Depending on your humidity(in the northeast here, it is muggy as hell), spraying in the morning might be a better option if spraying during flower so they can dry out. Bud rot was my middle name one particularly damp and muggy year and I didn’t spray at all.


----------



## oldfogey8 (Apr 28, 2022)

SubmarineGirl said:


> Do you use a black pot on your deck? That’s what I was gonna go with but I’ve been reading that black may not be so good for the roots. I want something that looks nice too. Maybe 10 gal but now not sure. My plants are gonna be starting out pretty big too So I want them to have all the room they need to grow big if they want to.
> View attachment 295327


I have used black fabric pots on my deck. Didn’t seem to get the rootball too hot. My deck gets so warm I need to wear some kind of footwear or be a firewalker at times.


----------



## SubmarineGirl (Apr 28, 2022)

oldfogey8 said:


> I have used black fabric pots on my deck. Didn’t seem to get the rootball too hot. My deck gets so warm I need to wear some kind of footwear or be a firewalker at times.
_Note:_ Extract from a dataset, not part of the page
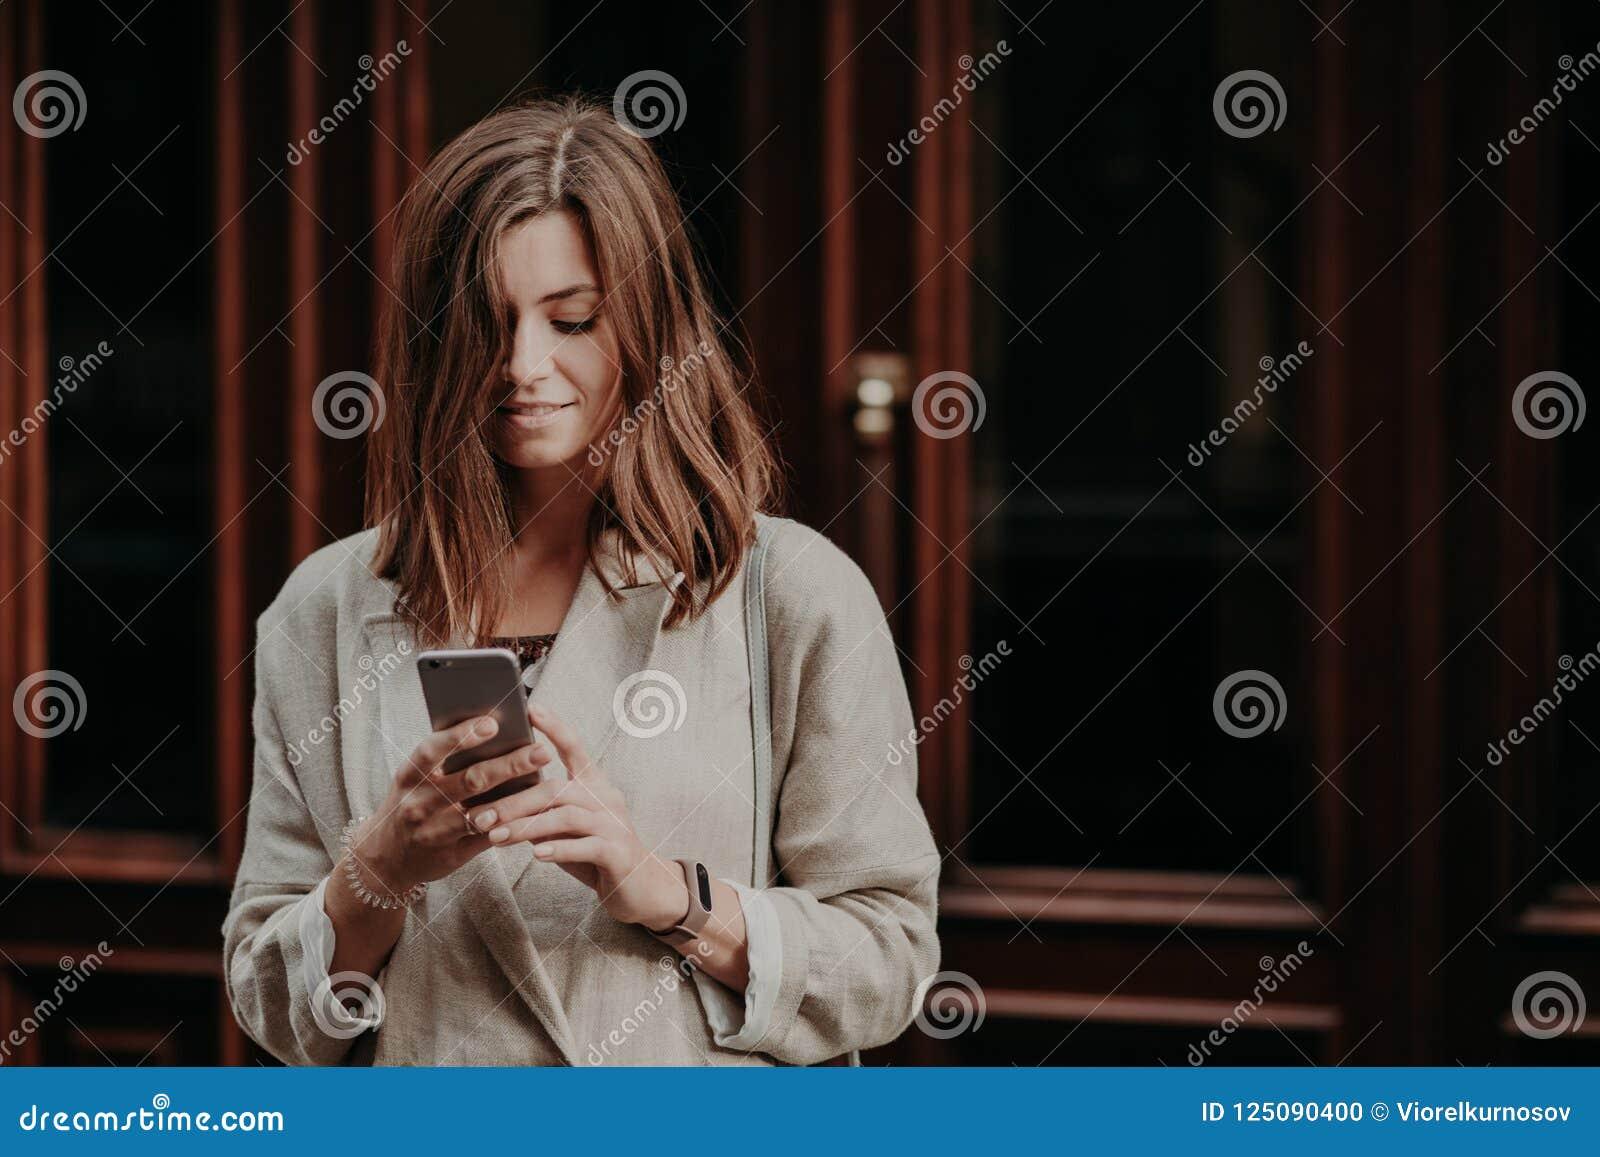 Ο ευτυχής ευχαριστημένος θηλυκός νεαρός προσέχει το βίντεο στο έξυπνο τηλέφωνο, διαβάζει την τραπεζική ανακοίνωση, που ντύνεται σ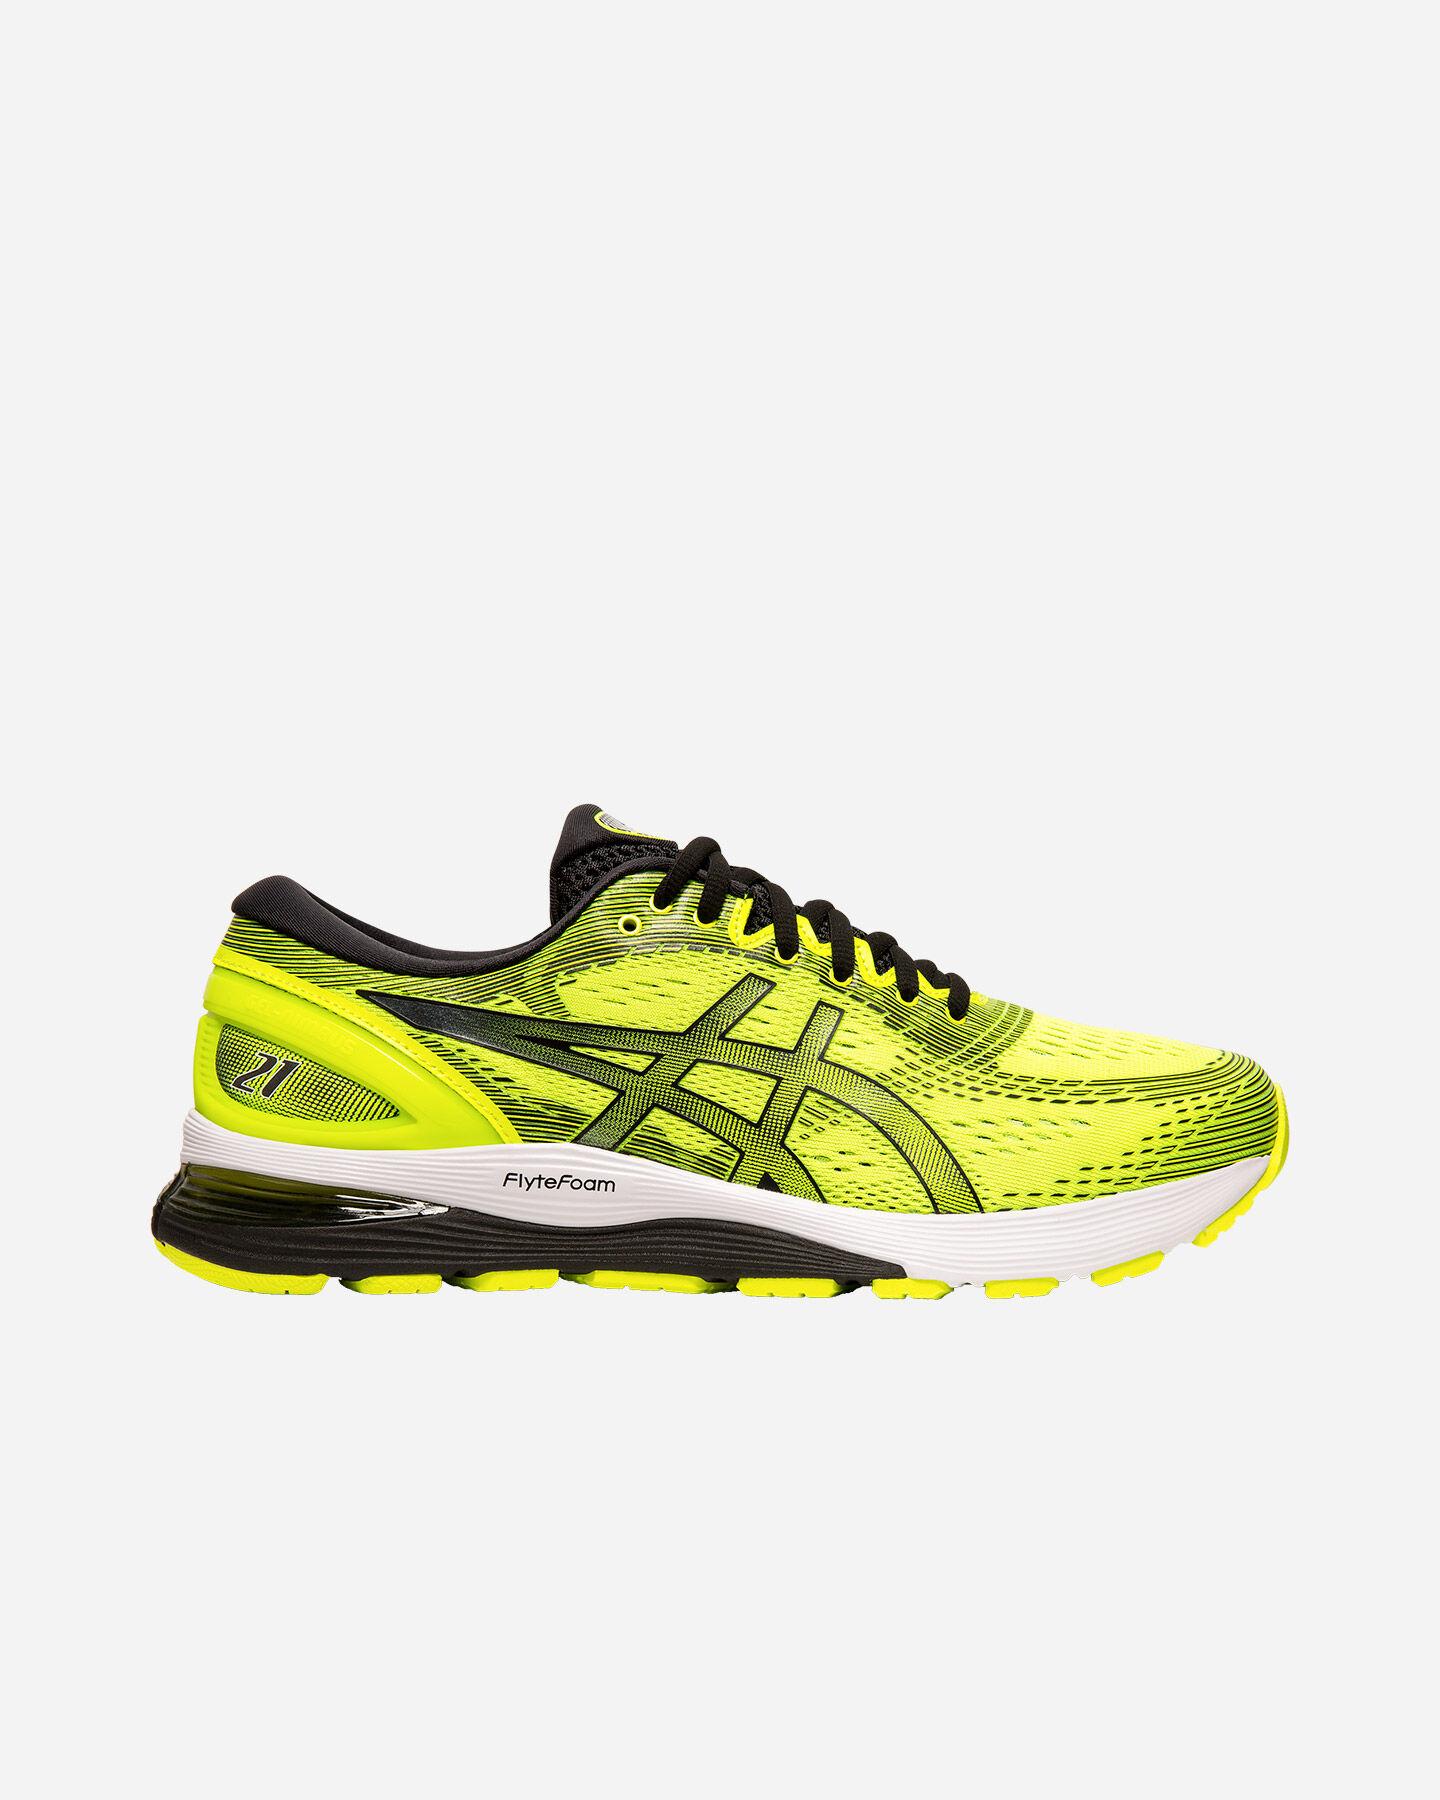 Scarpe, abbigliamento tecnico e elettronica running

Mine too that’s why I was concerned after reading that the article said white fabric was best. Lo


bigsur51 said:


> looks like everyone is taking their girls out for some sunshine
> 
> 
> 
> ...


looks like they are digging it big


----------



## bigsur51 (Apr 28, 2022)

oldfogey8 said:


> Depending on your humidity(in the northeast here, it is muggy as ****), spraying in the morning might be a better option if spraying during flower so they can dry out. Bud rot was my middle name one particularly damp and muggy year and I didn’t spray at all.




good point

we are so used to 10-20% humidity that I take it for granted


----------



## oldfogey8 (Apr 28, 2022)

Yikes! We get that when it is -5 outside. Rarely when it’s warm.


----------